Figure 1 illustrates the principle of this retrofitting
method. In the case of an isolated bridge system (b),
the deformation takes place at the isolators during an
earthquake, preventing the damage of the sub-
structure; whereas in a conventional bridge system (a),
this deformation will occur at the sub-structure, which
is not desirable. The sub-structure elements (columns
or pylons) are the most demanded during an
earthquake, and it is crucial to prevent their damage. It
is clear that the most widely used isolation system for
bridge applications is the Lead Rubber Bearings
(LRB), as stated by Buckle et al. (2006) [6].
Fig. 1: Comparison of a conventional and seismically isolated
bridge [6]
The aim of this paper is to evaluate the efficiency of
rubber isolators for the retrofitting of a multi-span
concrete highway bridge, namely the Huamani Bridge
in Peru, by comparing the responses and solicitations
(displacements and forces) obtained from linear
dynamic analyses of as-built and isolated models.
Thus, the reduction of the seismic forces induced in
the structure due to the implementation of the isolation
system is evaluated.
2. CASE STUDY: THE HUAMANI BRIDGE
The Huamani Bridge (see Figure 2) is a reinforced
concrete continuous bridge that spans over the Pisco
River, in the Ica Department of Peru. It was built
around 1950 and suffered from considerable damage
during the 2007 Pisco Earthquake (8.0 Mw), located at
approximately 60 km from the epicentre. It is located
close to San Clemente Town in the Pisco Province, at
coordinates S13°41’13” W76°09’31”, and it is one of
the most important bridges on the Pan-American
South Highway, the main road network on the
Peruvian Coast.
This bridge is representative of many old concrete
bridges still operational in Peru, which were designed
with none or obsolete seismic provisions. The seismic
design criteria used for this bridge was to apply as
base shear force equivalent to 4-8% of the bridge
weight, with no provisions regarding ductility [7].

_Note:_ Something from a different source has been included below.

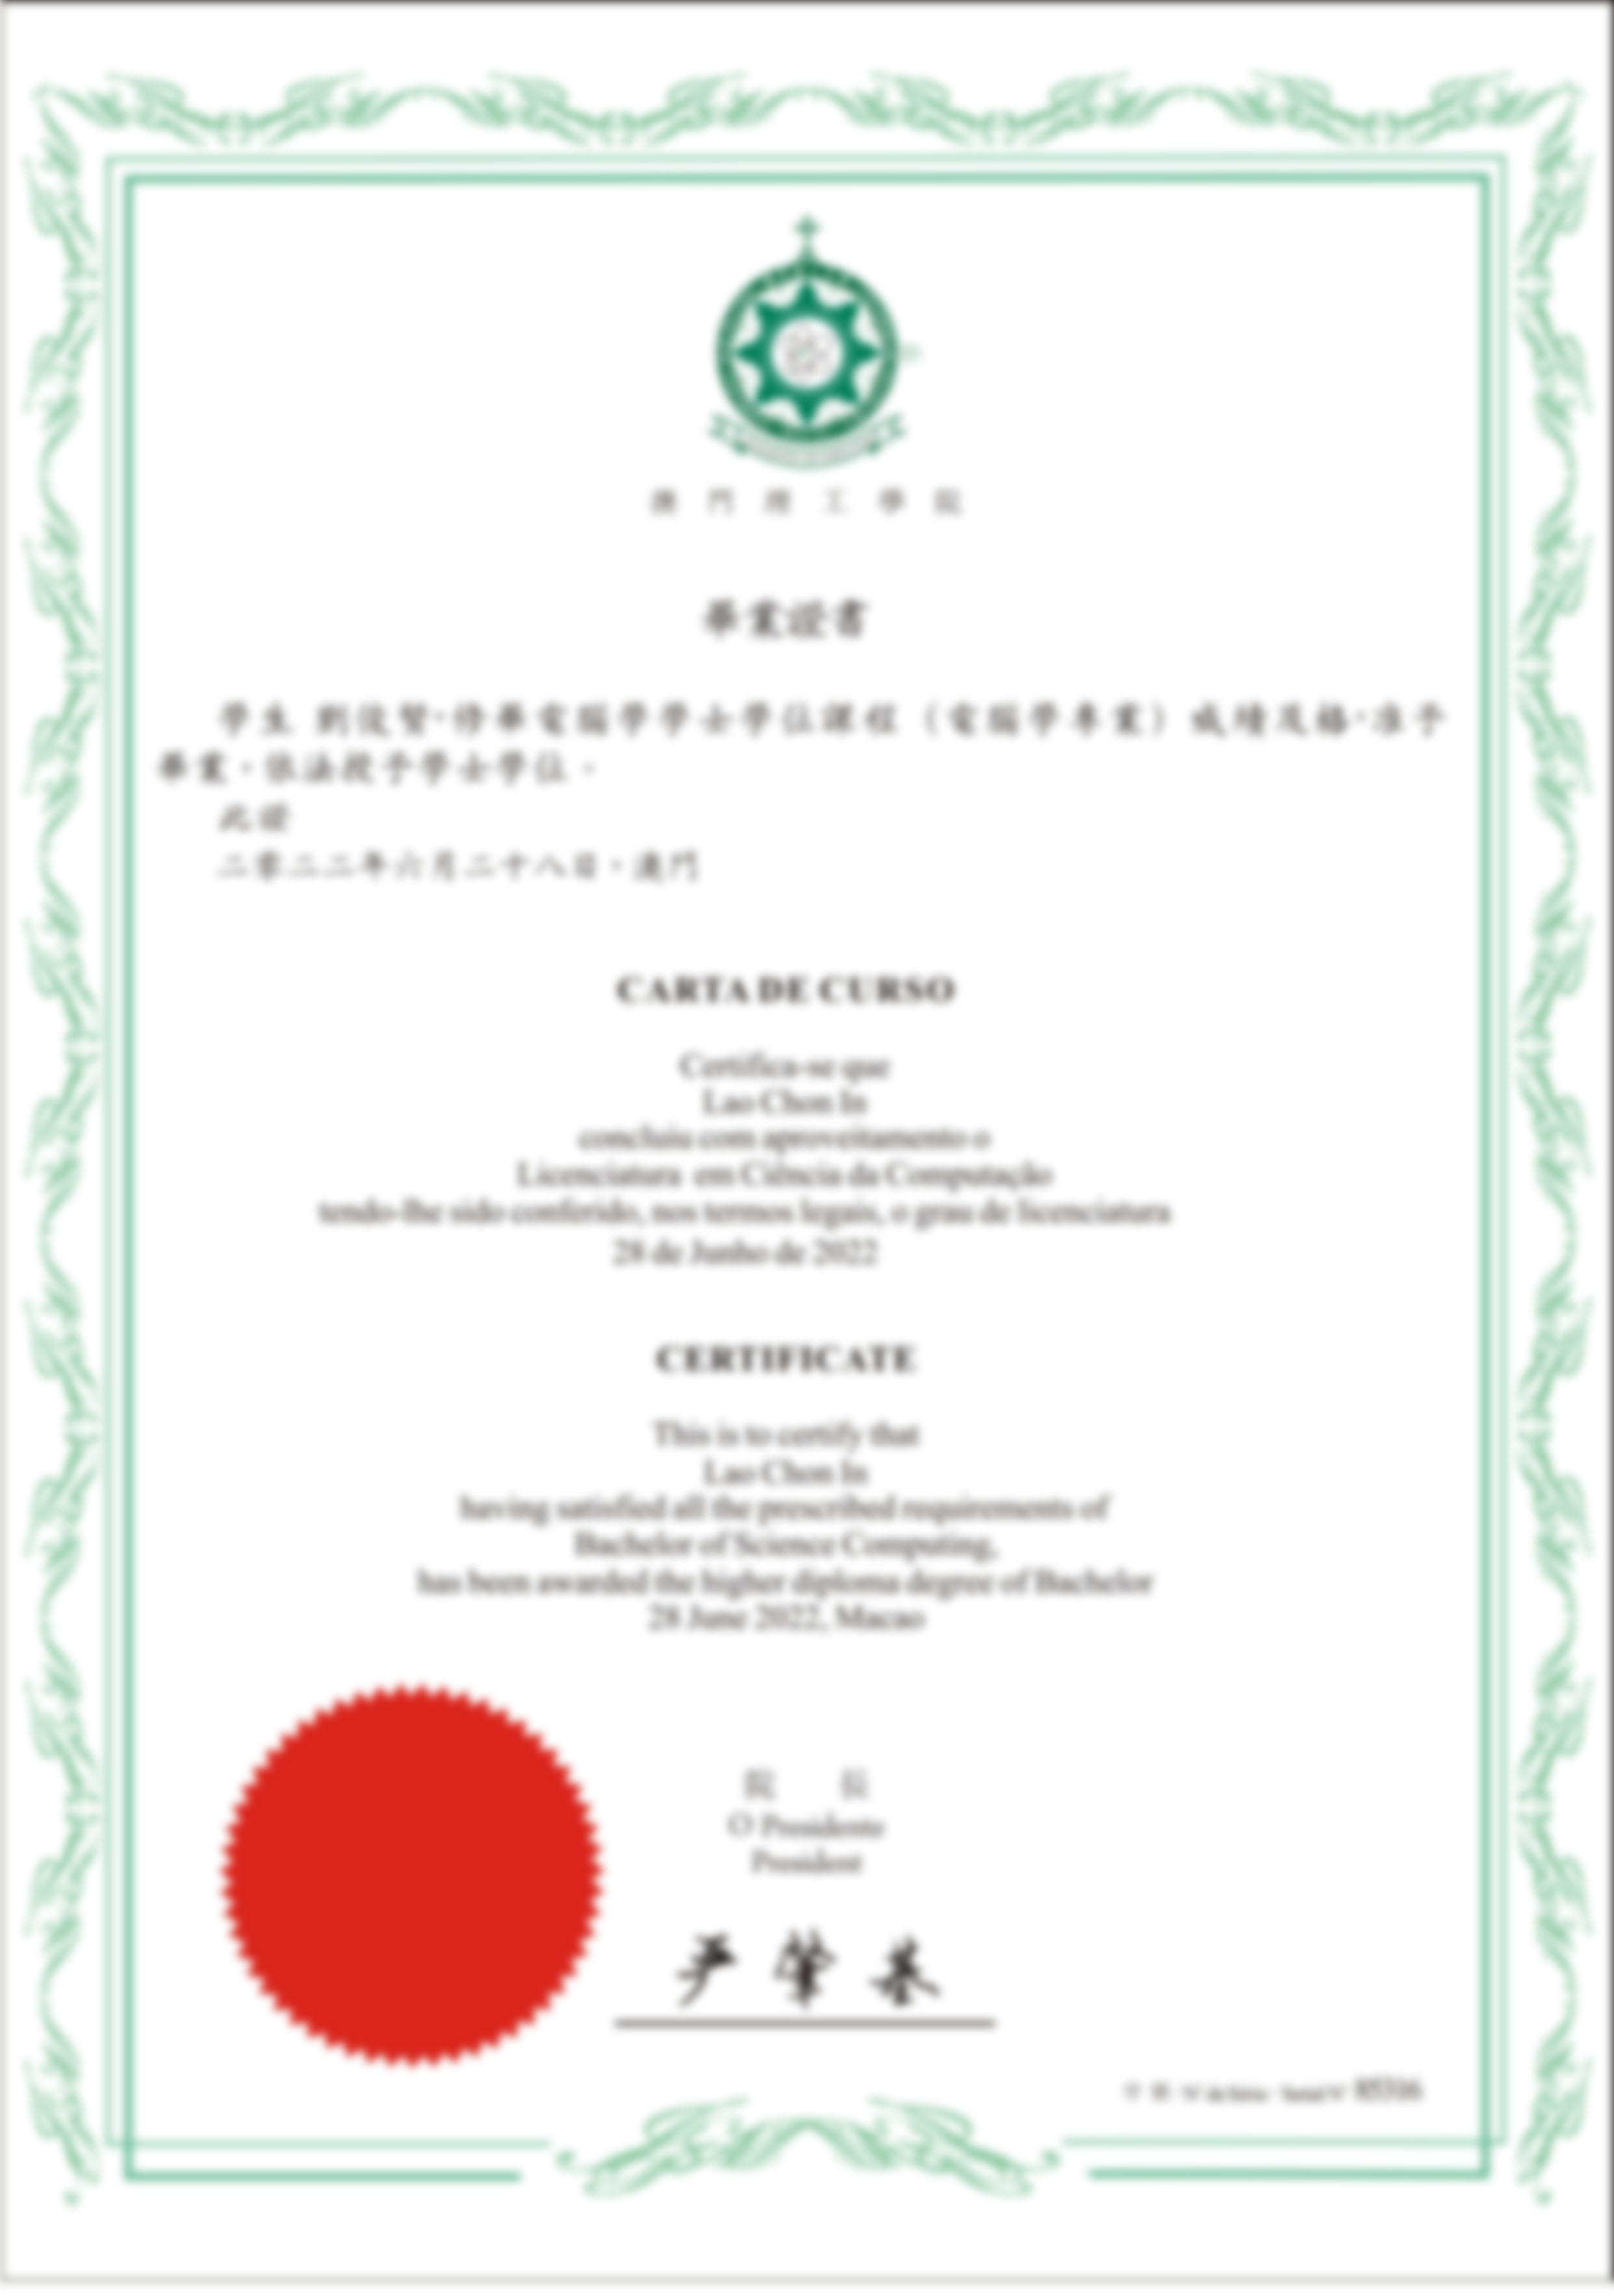 澳门理工大学毕业证书Macau Polytechnic University Graduation Certificate
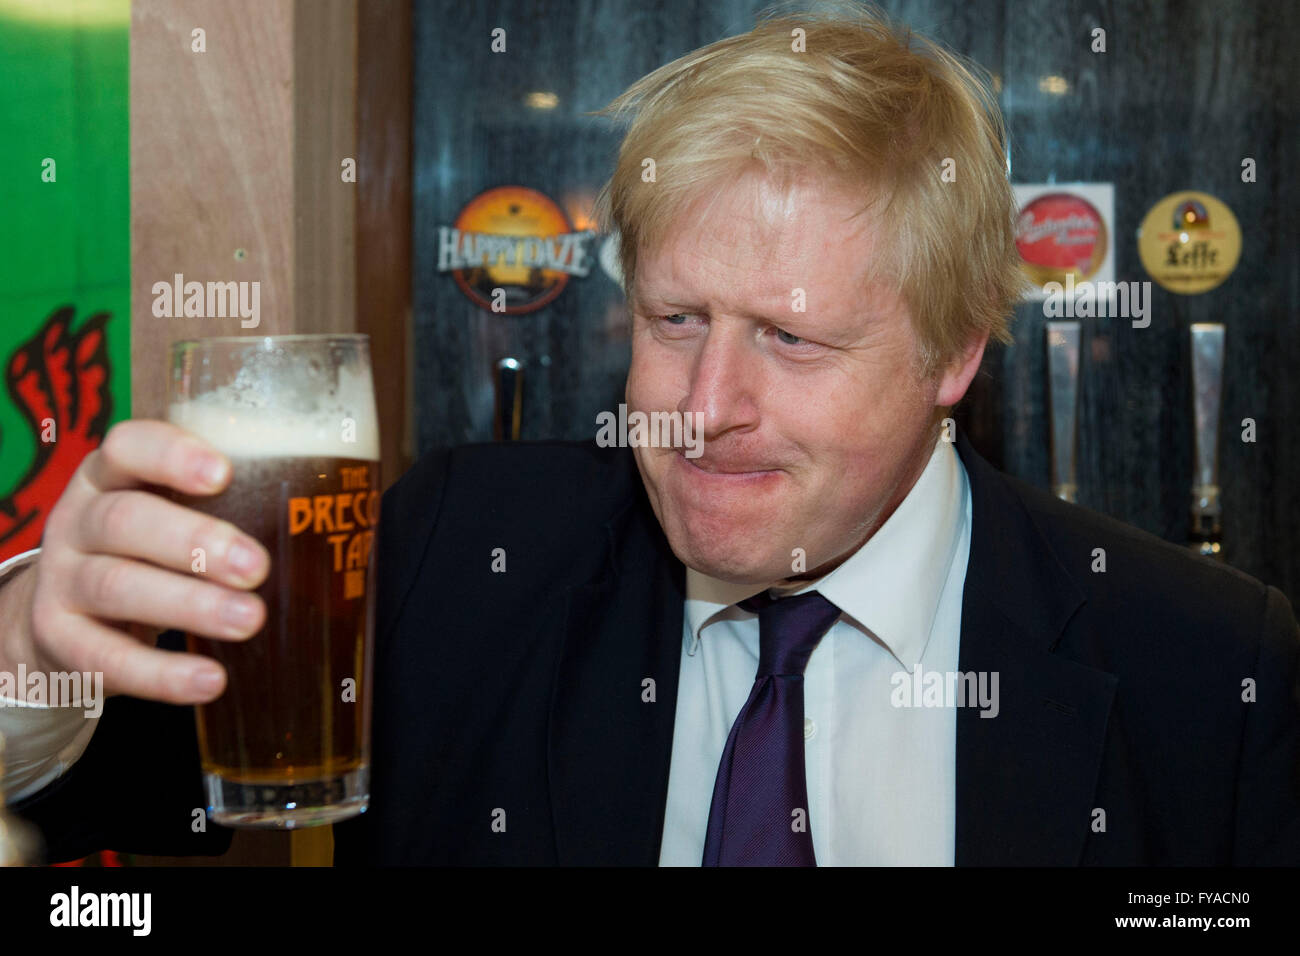 Boris Johnson, secrétaire aux affaires étrangères et député tenant une pinte de bière dans un pub. Banque D'Images

Fig. 2: The Huamani Bridge over the Pisco River after the Pisco
EQ (2007) [7]
The bridge consists of 5 spans, 3 typical of 30 metres
each and 2 spans of 23 metres on the sides, giving a
total length of 136 metres (see Figure 3, top). The
super-structure is supported by 3 hunched beams
which are 700 mm wide and 1.80 m high (away from
the supports), and at the supports the beams are 3.5 m
high. The bridge deck is a 300 mm thick reinforced
concrete slab. There are also several diaphragm
(transverse) beams that restrain the structure laterally.
Fig. 3: Layout of the Huamani Bridge (dimensions in mm)
The substructure consists of two abutments and four
interior pier walls measuring 1.10 m by 8.20 m, with
shear keys implemented on their sides as shown in
Figure 3 (bottom), with the objective to control
excessive lateral displacement. These pier walls are
founded on deep foundations (caissons) [7].
Elevation view:
Cross section:
At the intermediates pillars, the super-structure is
supported on steel pot bearings, fixed in both
directions. On the abutments, simple steel rollers were
used, which are free to move in the longitudinal
direction, but restrained in the lateral direction by
means of steel stoppers. According to the survey
reports, the bearings were found in very bad state,
corroded and with rust and dirt covering [7].
Both structural and geotechnical damage was
observed during the surveys at the Huamani Bridge
after the earthquake. The most complete reports on
this matter are the works of Tang & Johansson (2010)
[7], Johansson et al. (2007) [8] and Taucer et al.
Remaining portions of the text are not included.